Connections
Hailed as the origin of modern thought, the Scientific Revolution must also be seen as a product of its past. Borrowing from Islamic cultural achievements, medieval universities gave rise to important new scholarship in mathematics and natural philosophy. In turn, the ambition and wealth of Renaissance patrons nurtured intellectual curiosity and encouraged scholarly research and foreign exploration. Natural philosophers pioneered new methods of explaining and observing nature while drawing on centuries-old traditions of astrology, alchemy, and magic. A desire to control and profit from empire led the Spanish, followed by their European rivals, to explore and catalogue the flora and fauna of their American colonies. These efforts resulted in new frameworks in natural history.
Enlightenment ideas of the eighteenth century were a similar blend of past and present, progressive and traditional, homegrown and foreign-inspired.

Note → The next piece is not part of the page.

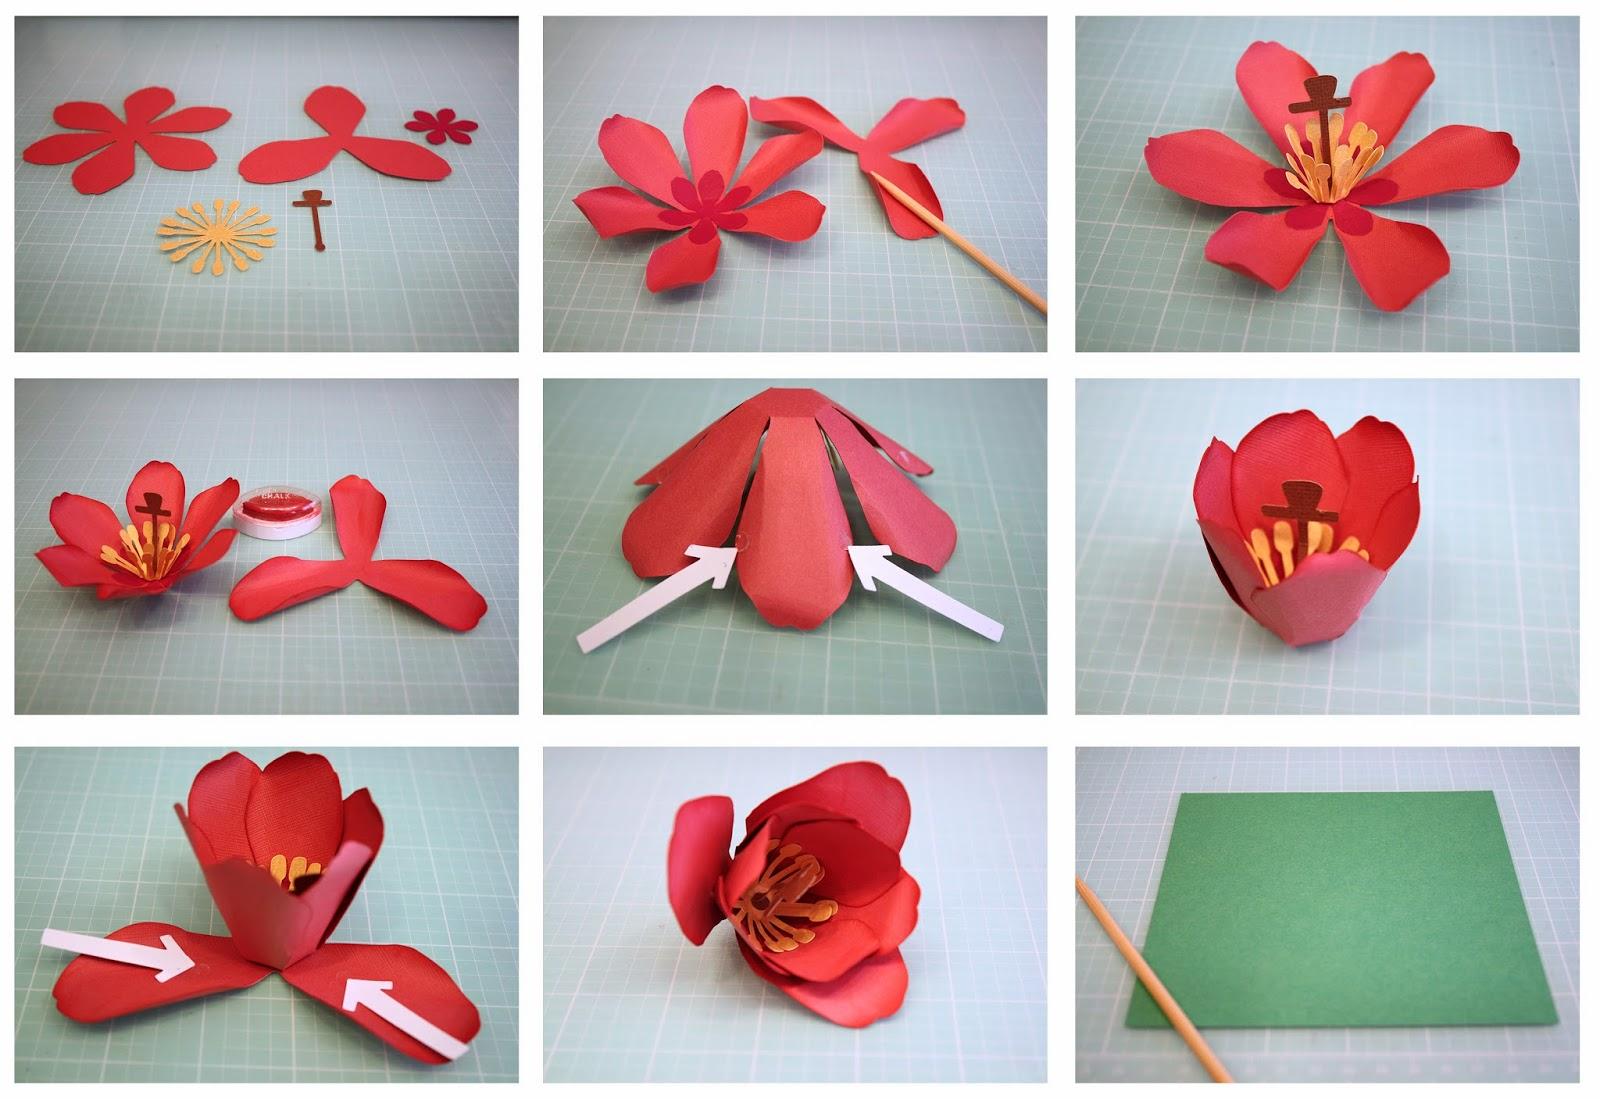 Цветы из бумаги своими руками. Подарок маме на 8 марта 5

Enlightenment thinkers advocated universal rights and liberties but also preached the biological inferiority of non-Europeans and women. Their principles often served as much to bolster absolutist regimes as to inspire revolutionaries to fight for human rights.
New notions of progress and social improvement would drive Europeans to embark on world-changing revolutions in politics and industry (see Chapters 22 and 23) at the end of the eighteenth century. These revolutions provided the basis for modern democracy and unprecedented scientific advancement. Yet some critics have seen a darker side. For them, the mastery over nature enabled by the Scientific Revolution now threatens to overwhelm the earth’s fragile equilibrium, and the Enlightenment belief in the universal application of reason can lead to intolerance of other people’s spiritual, cultural, and political values.
As the era of European exploration and conquest gave way to empire building, the eighteenth century witnessed increased consolidation of global markets and bitter competition among Europeans. The eighteenth-century Atlantic world thus tied the shores of Europe, the Americas, and Africa in a web of commercial and human exchange, including the tragedy of slavery, discussed in Chapter 20. The Atlantic world maintained strong ties with trade in the Pacific and the Indian Ocean.